Agents Need Read/Write Separation
An agent needs context to be useful. It needs to read tickets, files, logs, dashboards, policies, and previous decisions. But the permissions that make reading useful are not the same permissions that make writing dangerous. Combining them is one of the fastest ways to turn a helpful assistant into an unclear production actor.
The thesis
Read and write capabilities should be separated by identity, tool surface, state transition, and approval. Observation is not mutation.
This sounds basic, but many agent systems skip it. They give one runtime a broad token and a pile of tools, then ask the model to be careful. The model can search the repo, edit files, post comments, run commands, update tickets, and call deployment tools from the same planning loop. The result is convenient until a stale assumption or prompt injection turns into a write.
Read/write separation is not about slowing the agent down. It is about making the moment of mutation explicit.
The production pattern
A support agent is allowed to inspect account state and draft fixes. It reads a customer note, searches internal docs, looks up current feature flags, and identifies that the account is in the wrong segment. The next useful step is a write: change the segment or open an operations request.
If the same tool token can read and write account state, the boundary depends on model behavior. Maybe the system prompt says, "Do not modify customer accounts without approval." But if the write function is available and the model believes the user already approved it, the system has no hard separation.
The same pattern appears in engineering agents. Reading a pull request, review thread, and CI log is low-risk compared with pushing a branch or resolving a review comment. Searching deployment logs is different from restarting a service. Listing feature flags is different from flipping one.
The work often needs both phases. The mistake is making them indistinguishable.
The model
I design agent runs around a read phase, proposal phase, write phase, and verification phase.
The read phase has broad enough access to build context. It can search, fetch, list, inspect, summarize, and compare. Reads still need limits when they touch private data, but they usually do not need per-action human approval. The read phase should not be able to mutate shared state except for its own audit log.

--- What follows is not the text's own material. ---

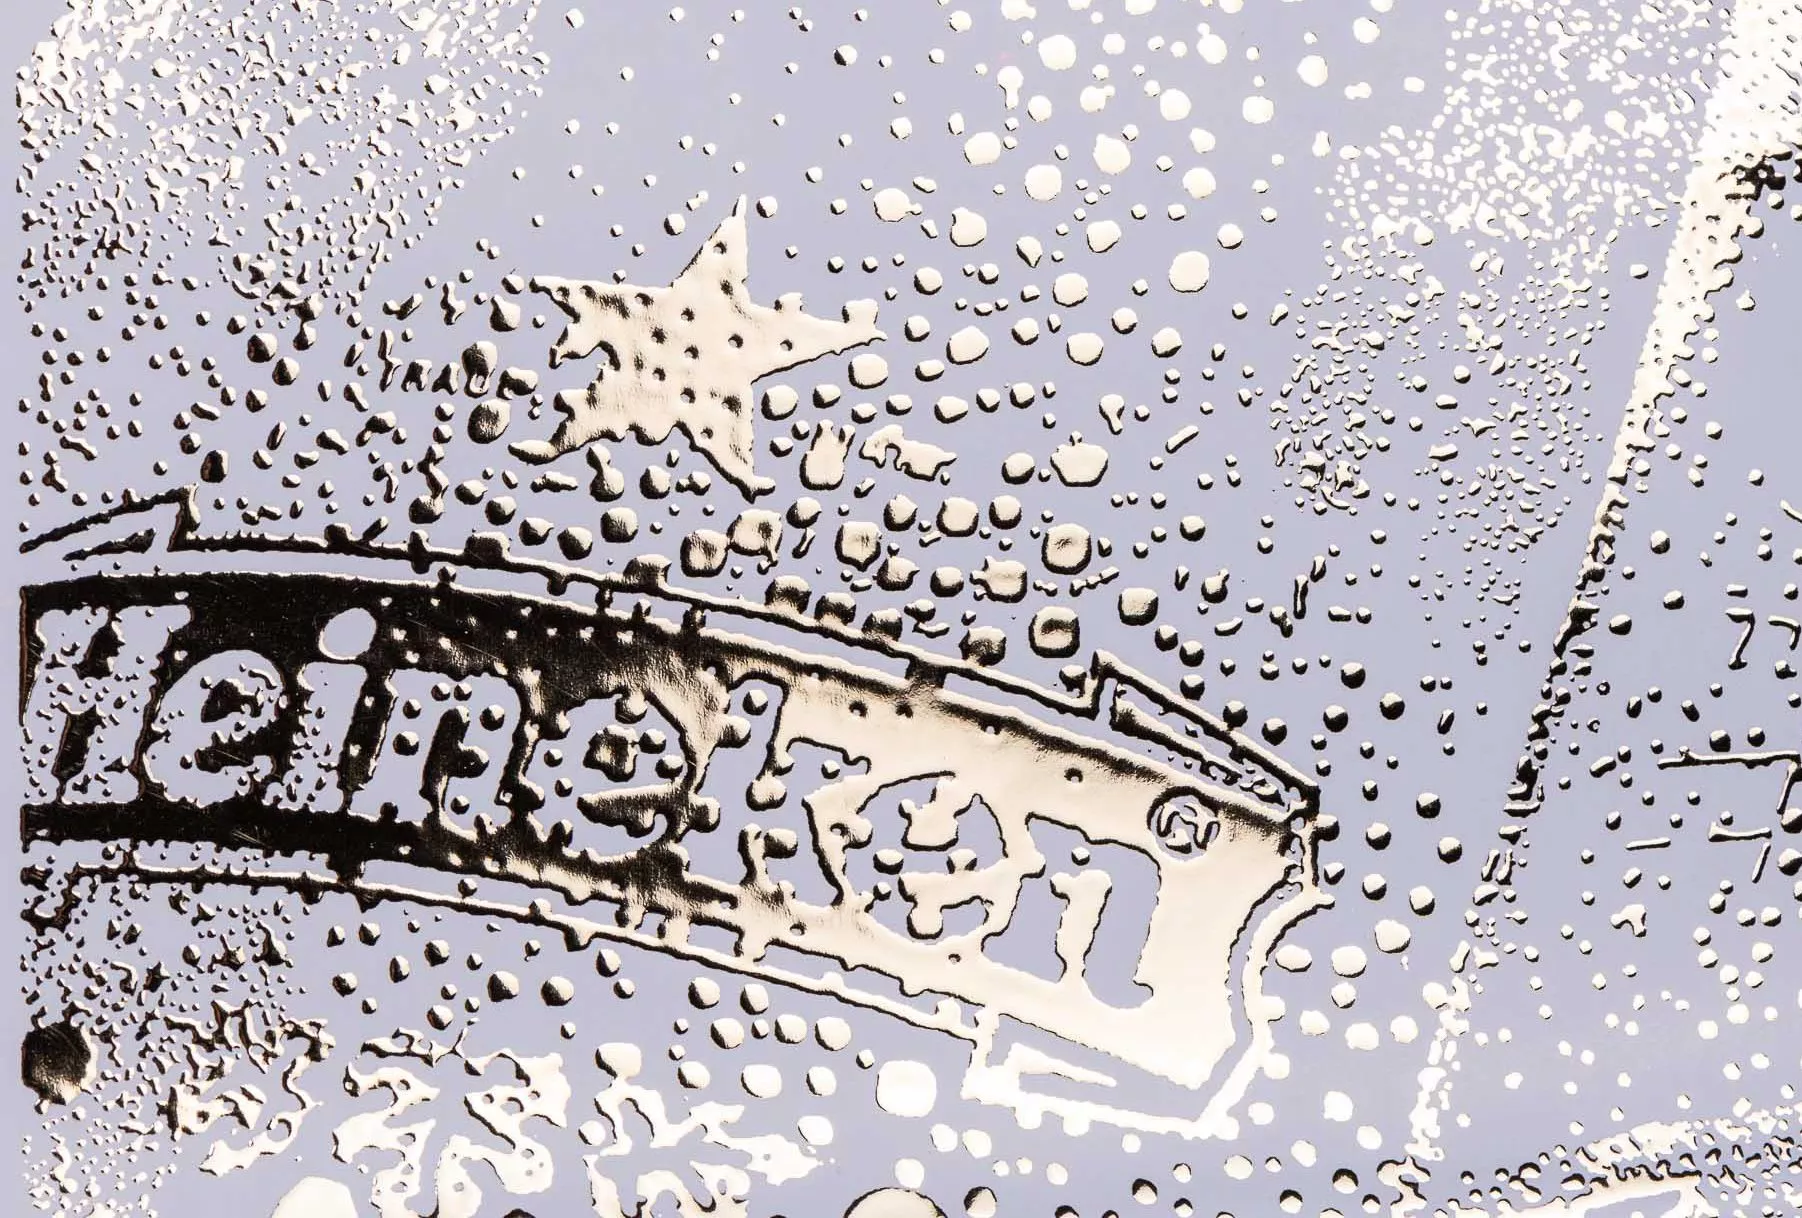 הדפסת תוויות בירה לחברת היינקן בצבע כסוף עם אלמנטי השבחת דפוס ייחודים כגון הבלטה, לכה סלקטיבית, הטבעה בחום ופויל שנותנים לבקבוק מראה קפוא. היינקן היא מבשלת בירה בהולנד שיש לה 130 מבשלות בירה בעולם

The proposal phase turns observations into explicit intended writes. A proposal includes target resource, exact change, reason, supporting context, preconditions, expected effect, and verification plan. It is the bridge between analysis and mutation.
The write phase uses a narrower identity or capability grant. It can perform only the approved action, against the approved resource, within the approved time window. If the proposal changes, the write grant is no longer valid.

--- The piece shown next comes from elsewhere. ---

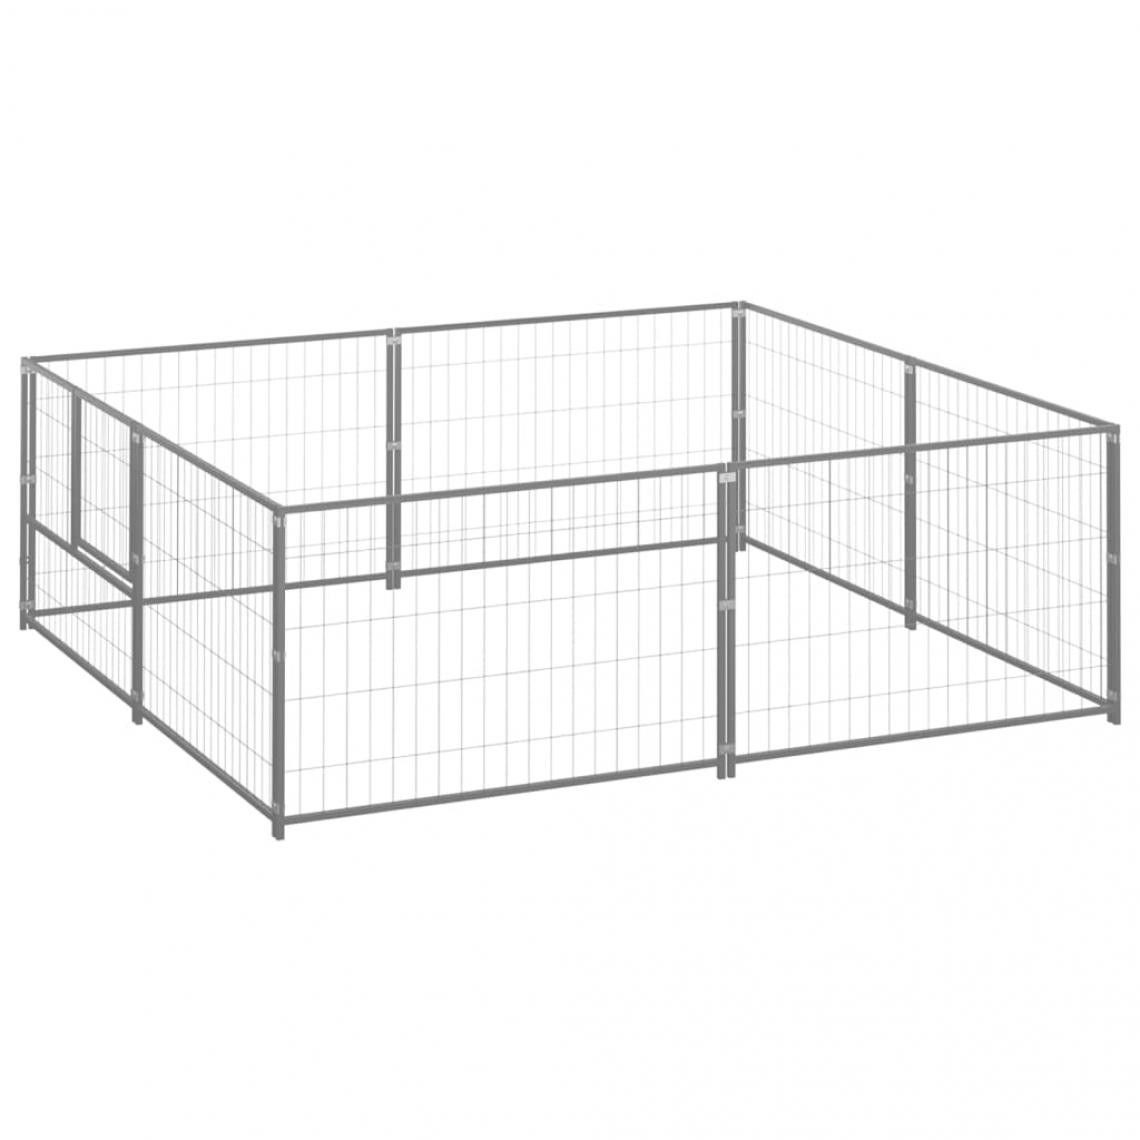 Helloshop26 - Chenil extérieur cage enclos parc animaux chien argenté 4 m² acier 02_0000276 - Clôture pour chien

The verification phase reads after the write. It should not rely on the write tool's success string. It fetches the resource, checks the version, confirms the job, or records the message id. After verification, the write grant can be discarded.

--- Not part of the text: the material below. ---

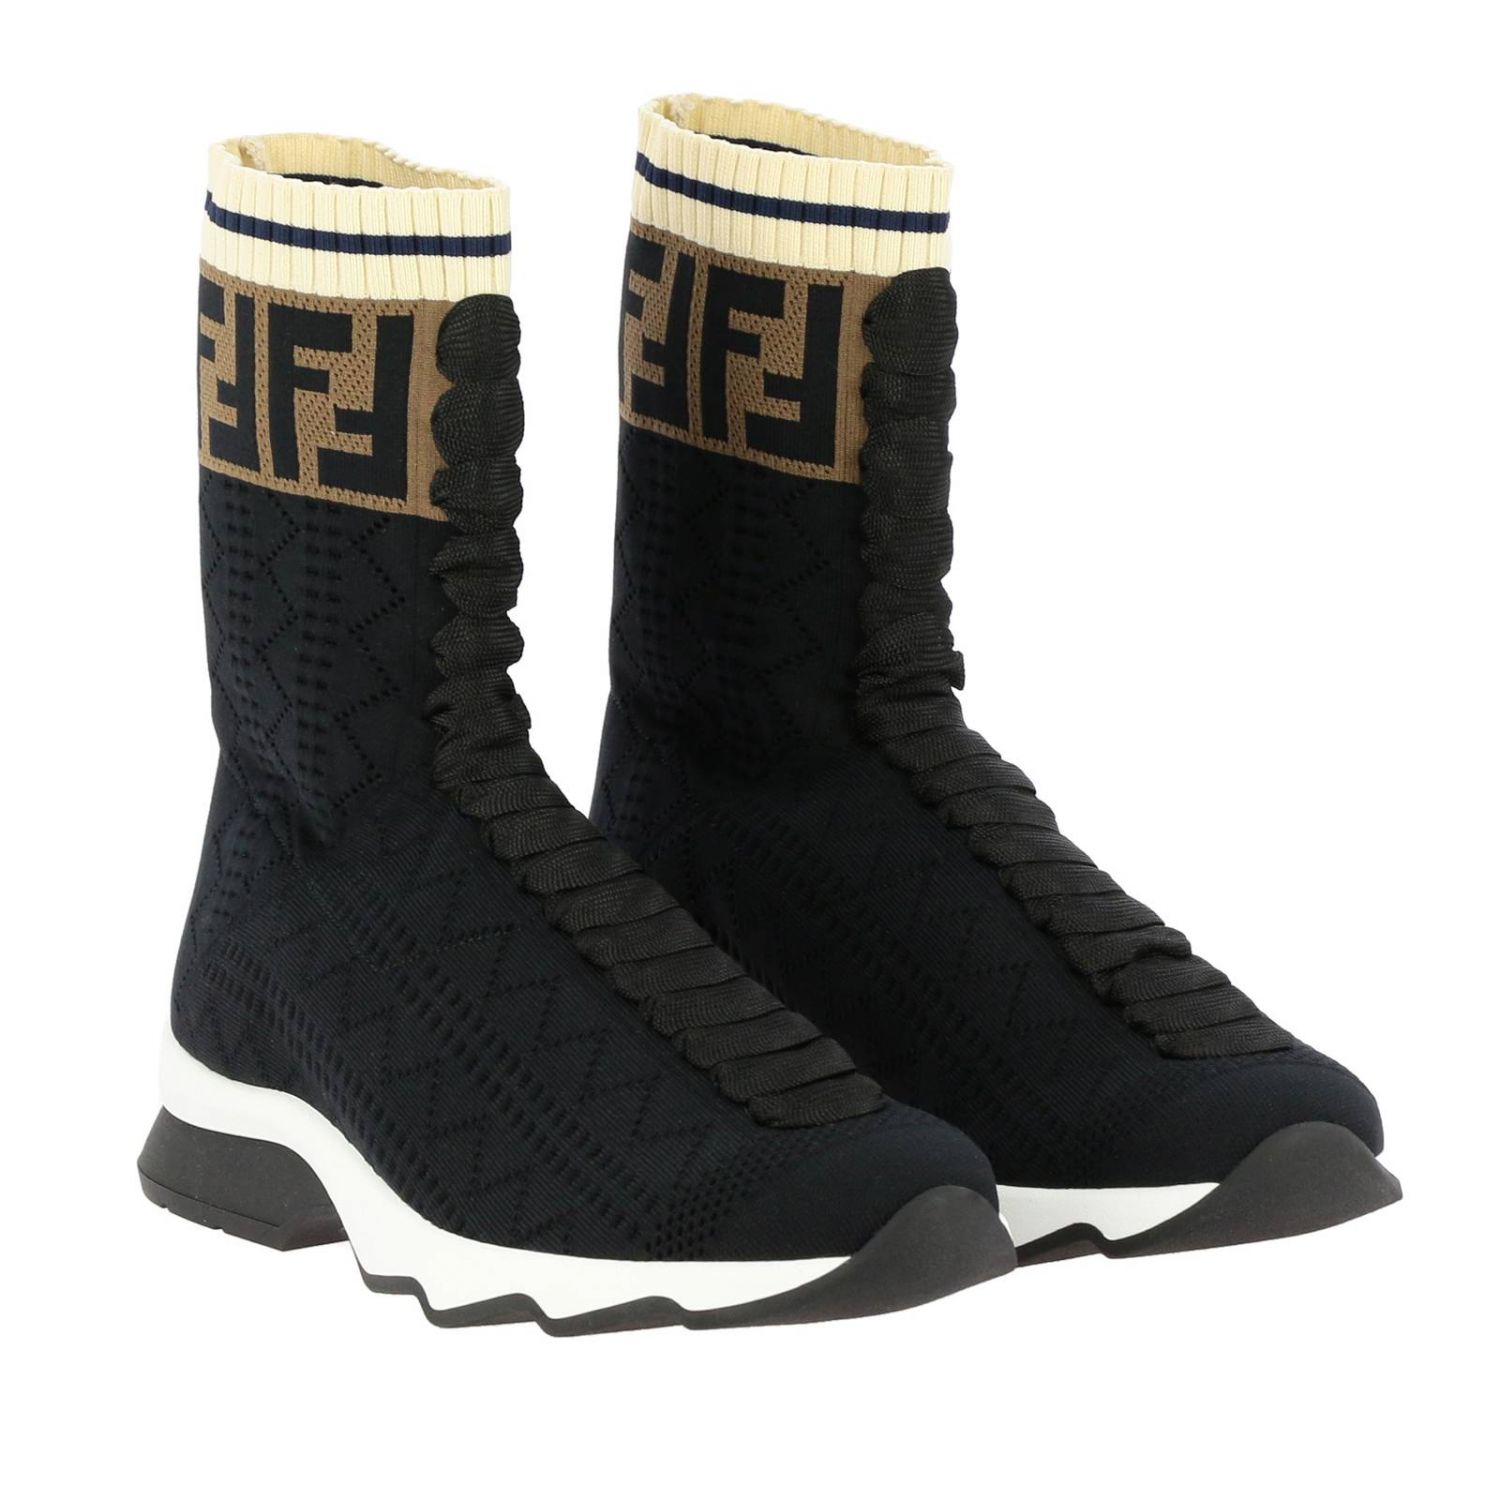 FENDI: Boots women | Sneakers Fendi Women Black | Sneakers Fendi 8T6515 ...

This model is close to how careful humans work. We read broadly, propose specifically, change narrowly, and verify afterward. Agents need the same shape because their planner is less reliable than a careful human, not more.
Where this goes wrong
The most common failure is a single all-purpose tool identity. A GitHub token can read issues, push branches, update comments, and merge pull requests. A cloud credential can list logs and restart services. An internal admin token can inspect accounts and update them. If the agent has that identity throughout the run, policy becomes advisory unless every tool enforces scope internally.
Another failure is hidden writes during reads. A "read" tool that marks notifications as seen, refreshes caches in shared storage, creates audit comments, or triggers lazy jobs is not purely read-only. Those effects may be harmless, but they need to be known. In agent systems, even small hidden writes can confuse replay and verification.
A third failure is allowing write tools to fetch their own context. For example, fix_customer_account(customer_id) both reads account data and applies changes. That makes it hard to review the decision. The proposal should be formed from explicit reads before the write tool is called.
The counterpoint is that strict separation can feel heavy for low-risk tasks. An agent editing a local scratch document does not need a formal write grant for every save. The line should be drawn around shared state, external effects, sensitive data, and operations that trigger other systems.
What I do now
I give read and write tools different names, credentials, and logs. A read token cannot accidentally write because the underlying system denies it. A write token cannot wander because it is scoped to a specific action.
I make the transition visible in the user experience. Before a write, the agent presents the proposed change, not a vague plan. For code, that means a diff. For messages, it means the exact recipient and body. For tickets, it means the exact fields. For operations, it means the command, target, and expected effect.
I also make writes preconditioned on the reads that justified them. If the agent read file hash abc123, the write should fail if the file is now def456. If it read a ticket while assigned to one owner, the update should stop if ownership changed.
Finally, I test that read-only mode is actually read-only. The harness should run a realistic task with write tools absent and confirm no shared state changed. Then it should grant a narrow write and confirm only the proposed resource changed.
Closing takeaway
Agents become safer when observation is cheap and mutation is deliberate. Broad reads can inform the plan, but writes need a separate gate.